Gill is using a union negotiation tactic, Vieira said. The hotel workers union is bargaining for new contracts covering Hilton Hawaiian Village, Sheraton's four properties, the Ala Moana Hotel, Hyatt Regency Waikiki and the Renaissance Ilikai.

"I think it's pretty obvious that it's a tactic developed by the national union as part of a national program that they started in Boston," Katz said.

Working hours have rebounded slightly from earlier this year, union statistics show. Total working hours were down 16.5 percent in the first quarter from last year, according to Local 5. Gill attributed the April improvement to union pressure on the hotels. "The guests drive some of this as well," Gill said.

"Hilton in particular, we've seen almost a 10 percent reduction in work force from pre-Sept. 11 levels," Gill said. Rather than hiring back all the workers, Hilton has been imposing mandatory overtime on employees, Gill said. A Hilton spokeswoman had no immediate comment last night.

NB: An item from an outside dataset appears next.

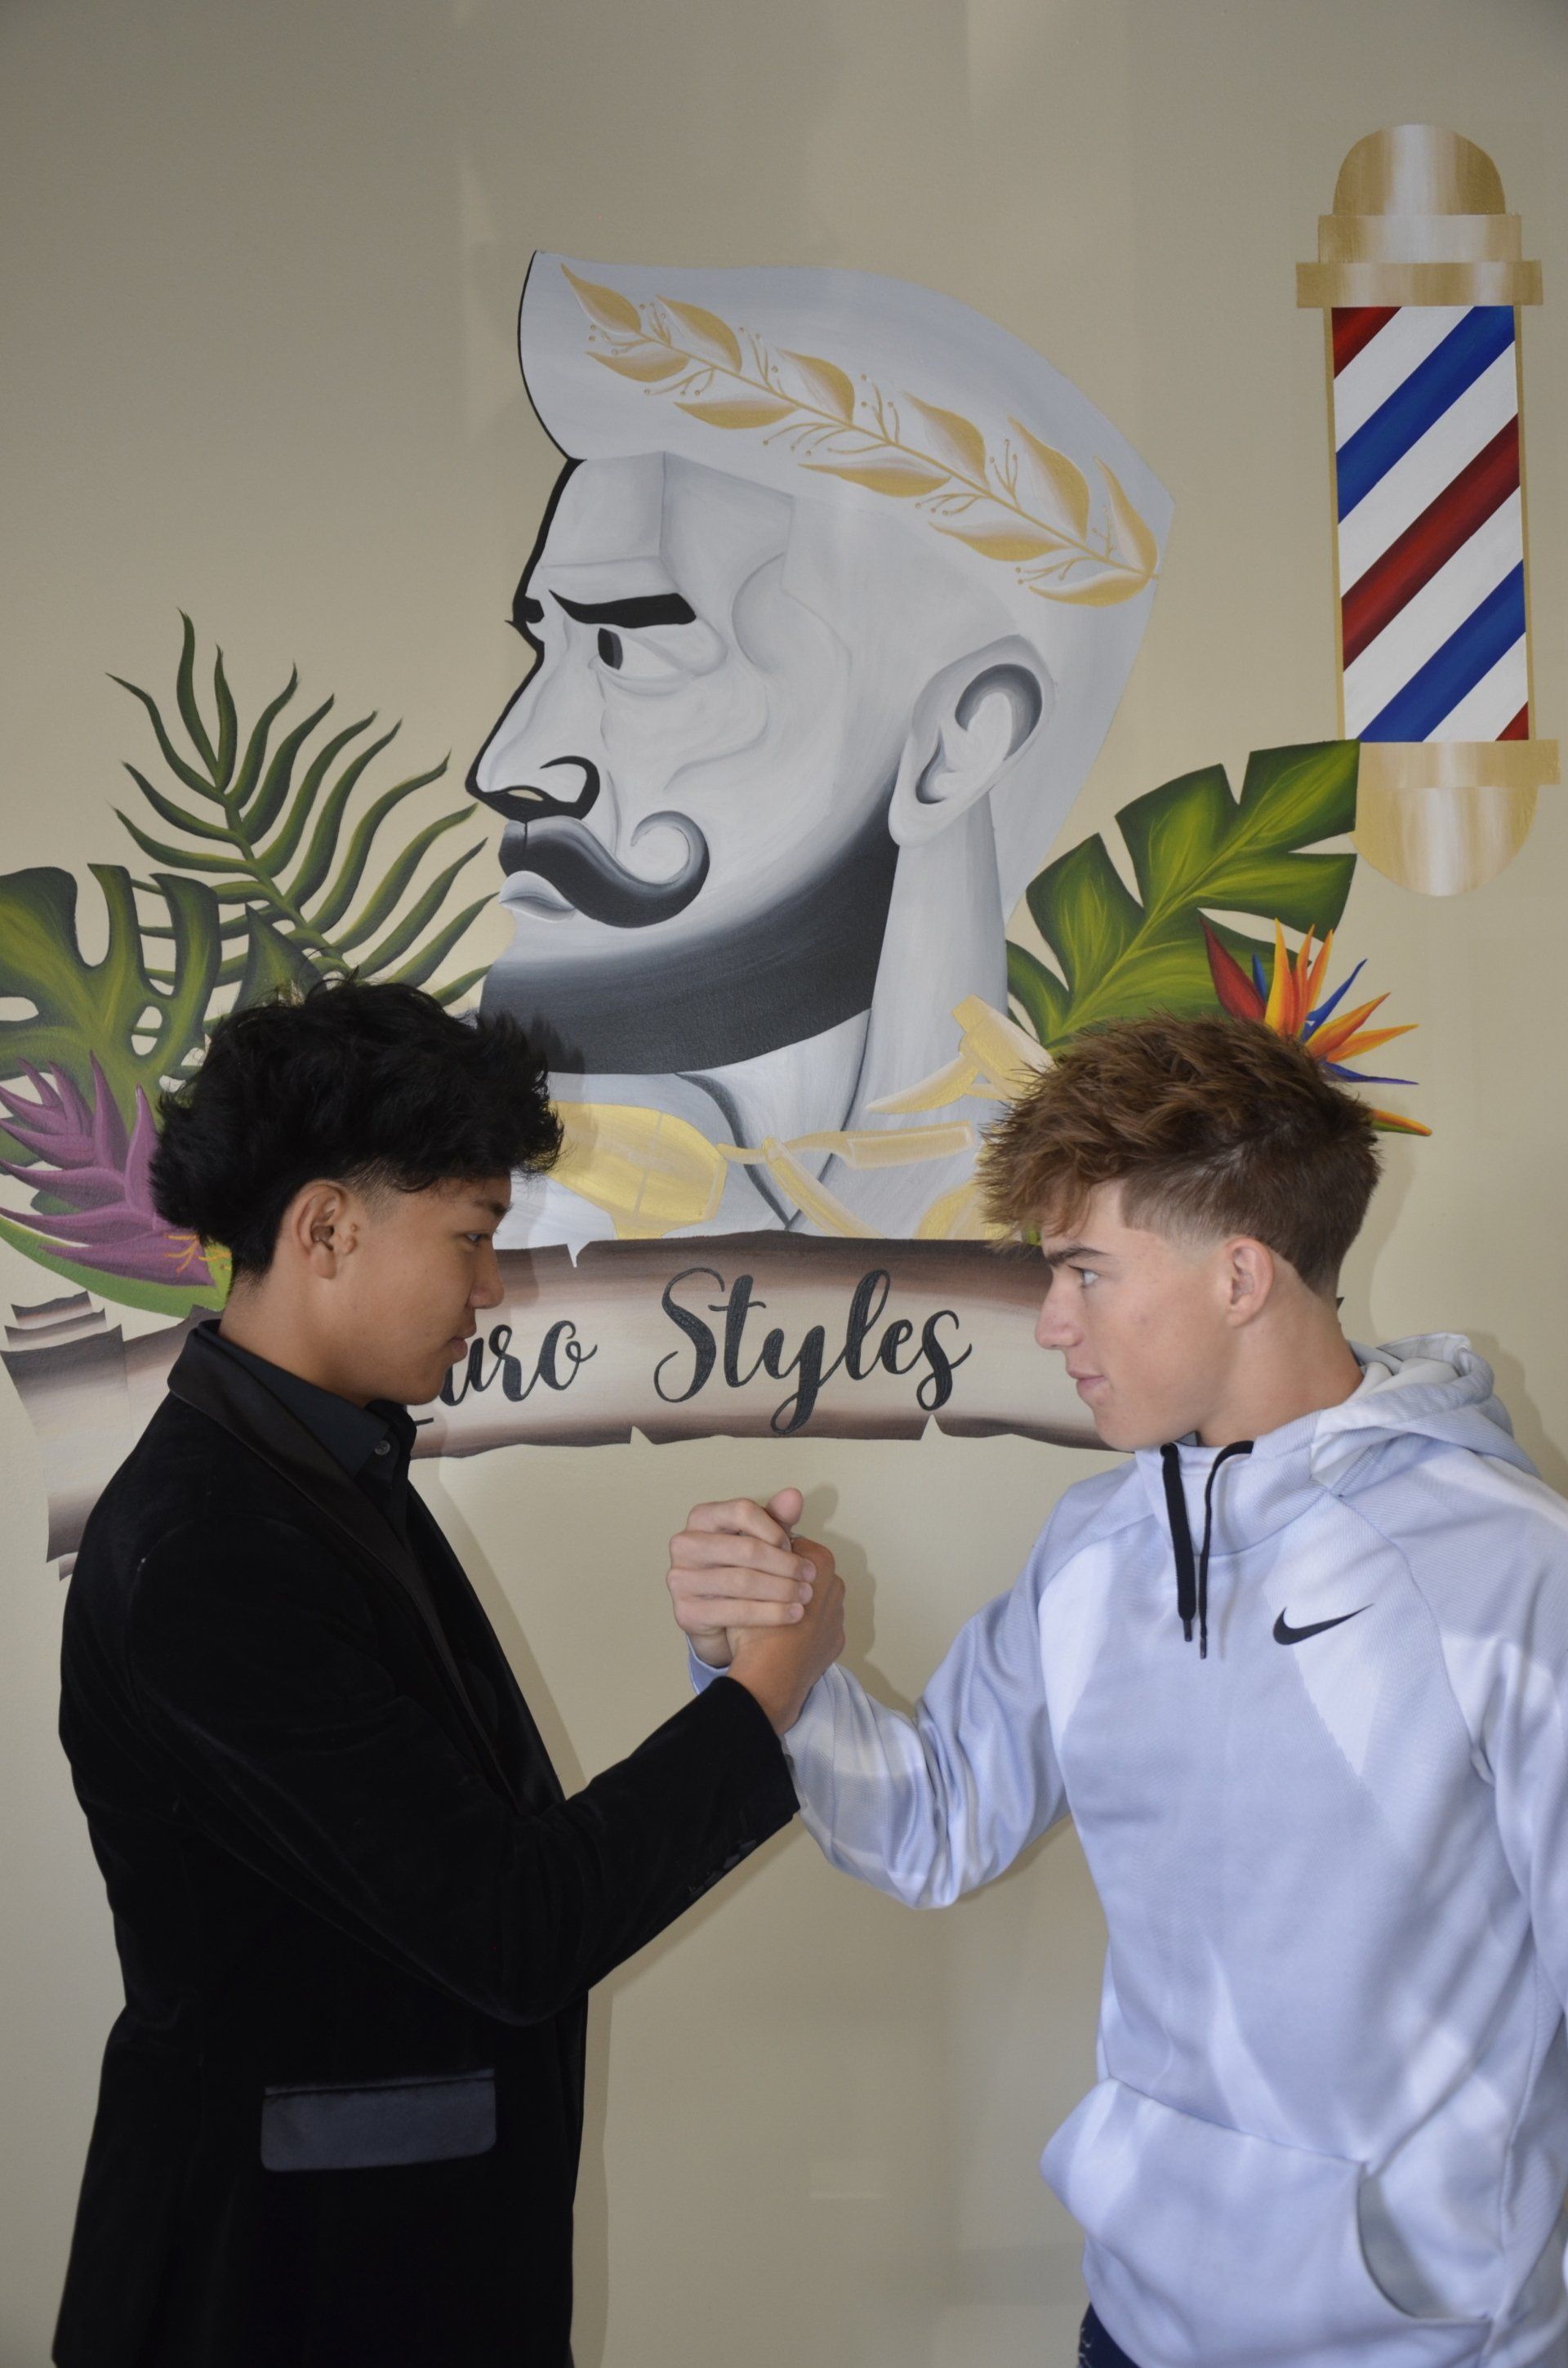 two young men are shaking hands in front of a barber pole .

State figures show that the hotel job cutback on Oahu stretches back over a decade, long before Sept. 11. In April 1990, the hotel job count on the island was 19,550, according to the state labor department. In April 2002, the count was 14,950, a 24 percent plunge.

Hotels said they must look out for the bottom line. Hawaii's revenue per available room, a key measure of demand, is still down from last year, more so than occupancy. Room revenue statewide fell 11 percent to $93.22 from $104.90 in April, according to Hospitality Advisors.

Gill attributes the drop to a price-cutting battle for market share among the hotel owners. "It's pretty clear that it's being driven by corporate policy," Gill said.

Starwood's Vieira disputed this. Customers, particularly the Japanese, are buying cheaper packages, he said. "'We haven't actually dropped any prices," Vieira said. "I don't know what (Gill's) talking about."

Hilton Hotels Corp. reported net profit of $34 million in the first quarter, a drop of 38 percent from a $55 million profit a year earlier. Starwood had a 48 percent profit decline in the first quarter, to $32 million from $62 million.

"We understand that this particular moment in time is not the hotel industry's most profitable hour," Gill said. But the hotel union has to look out for workers, and Gill said he doesn't feel sorry for hotel management or owners.

Profits for U.S. hotels are expect to rise 3 percent this year, to $17.2 billion from $16.7 billion, according to a report released last week by accounting firm PricewaterhouseCoopers. The No. 1 reason: cost cutting, including firing workers. Without the cost cuts, the industry would have had a profit decrease of 7.8 percent, the report said. The report noted that profits are still down from a record $23 billion in 2000.

Hotel companies saved $3.4 billion last year cutting jobs, according to an earlier report by PricewaterhouseCoopers. Hilton cut 18 percent of its staffing costs through reductions in hours worked by each employee, according to a Hilton spokesman quoted by Bloomberg News.

The stock prices of Hilton and Starwood have jumped since the immediate lows that followed Sept. 11. Hilton's stock had risen to $13.83 today from $6.15 a share on Sept. 21, while Starwood's stock increased to $35.10 from $17.10 over the same period.

"These big chains that are wrapping themselves in the flag and crying poor," Gill said, "they don't get any sympathy from us."